*** Opening of Recorded data ***

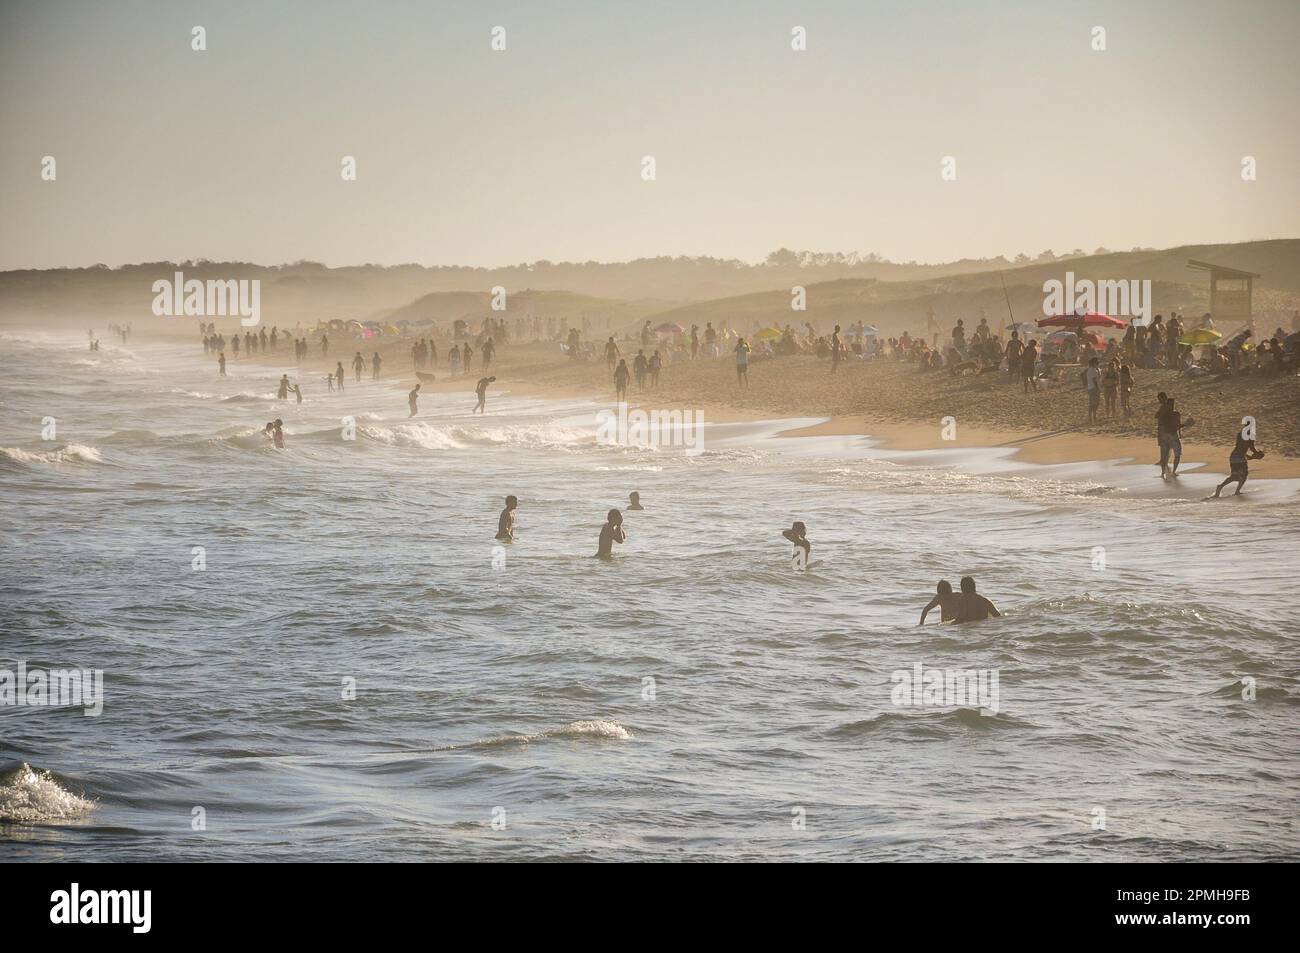 dozens of people bathing in one of the beaches of Punta del Diablo, during sunset Stock Photo
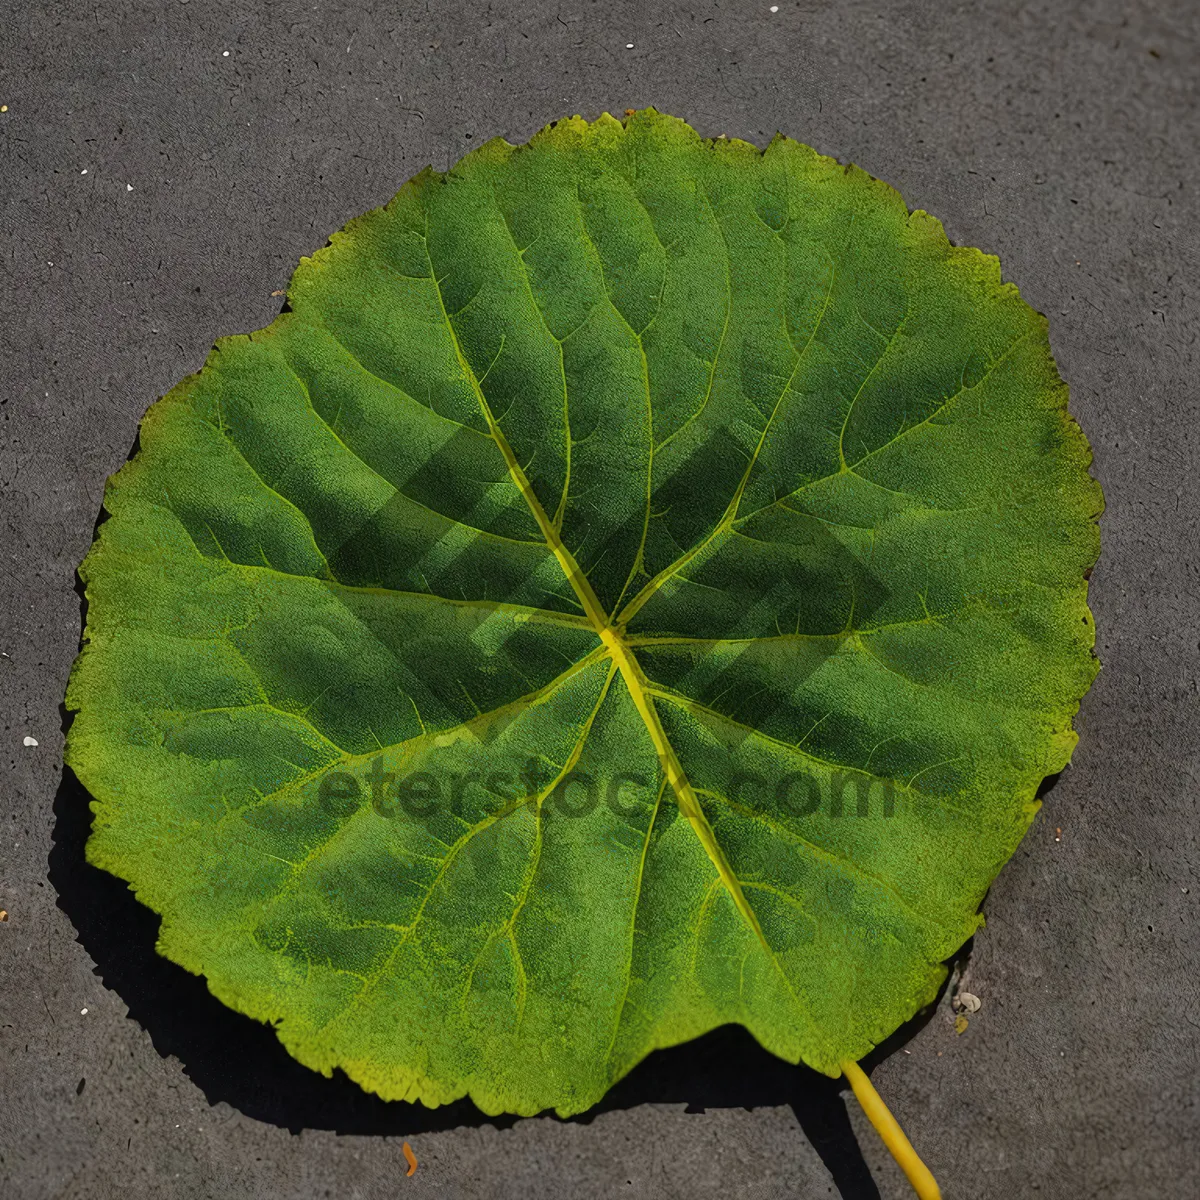 Picture of Linden Leaf: Vibrant Spring Foliage with Intricate Veins
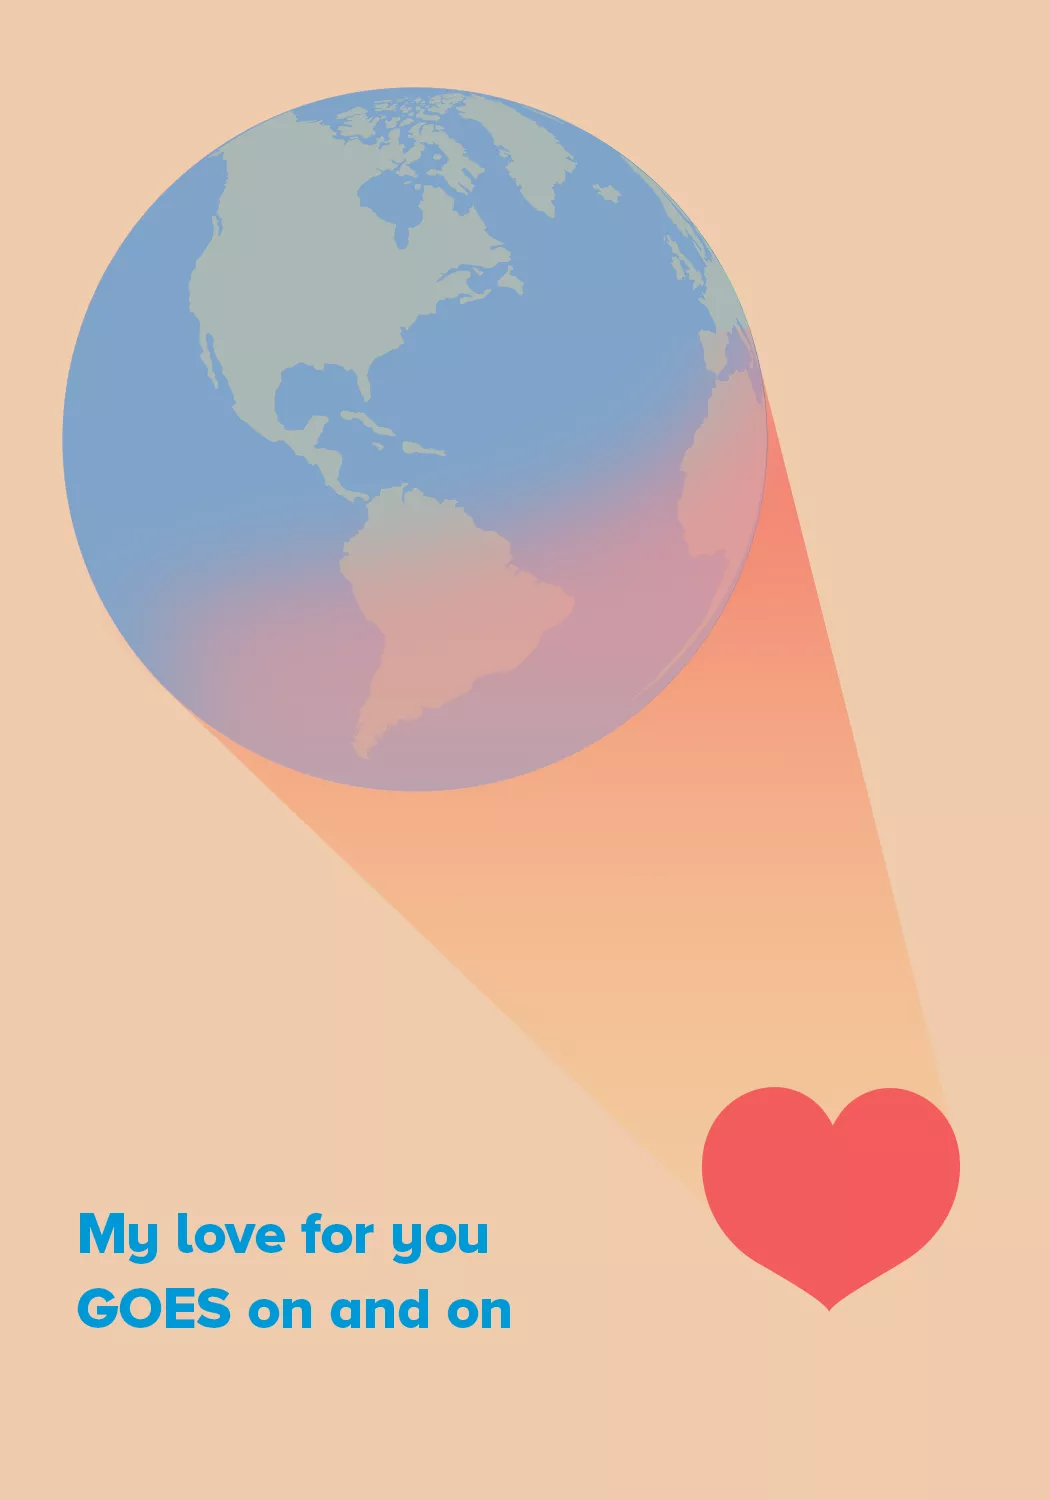 Image of a heart and earth

*** Close of Recorded data ***

Instructions for the task
This exercise calls for the complete listing, returned exactly and without images.

Result of the exercise
 dozens of people bathing in one of the beaches of Punta del Diablo, during sunset Stock Photo
 Picture of Linden Leaf: Vibrant Spring Foliage with Intricate Veins
 Image of a heart and earth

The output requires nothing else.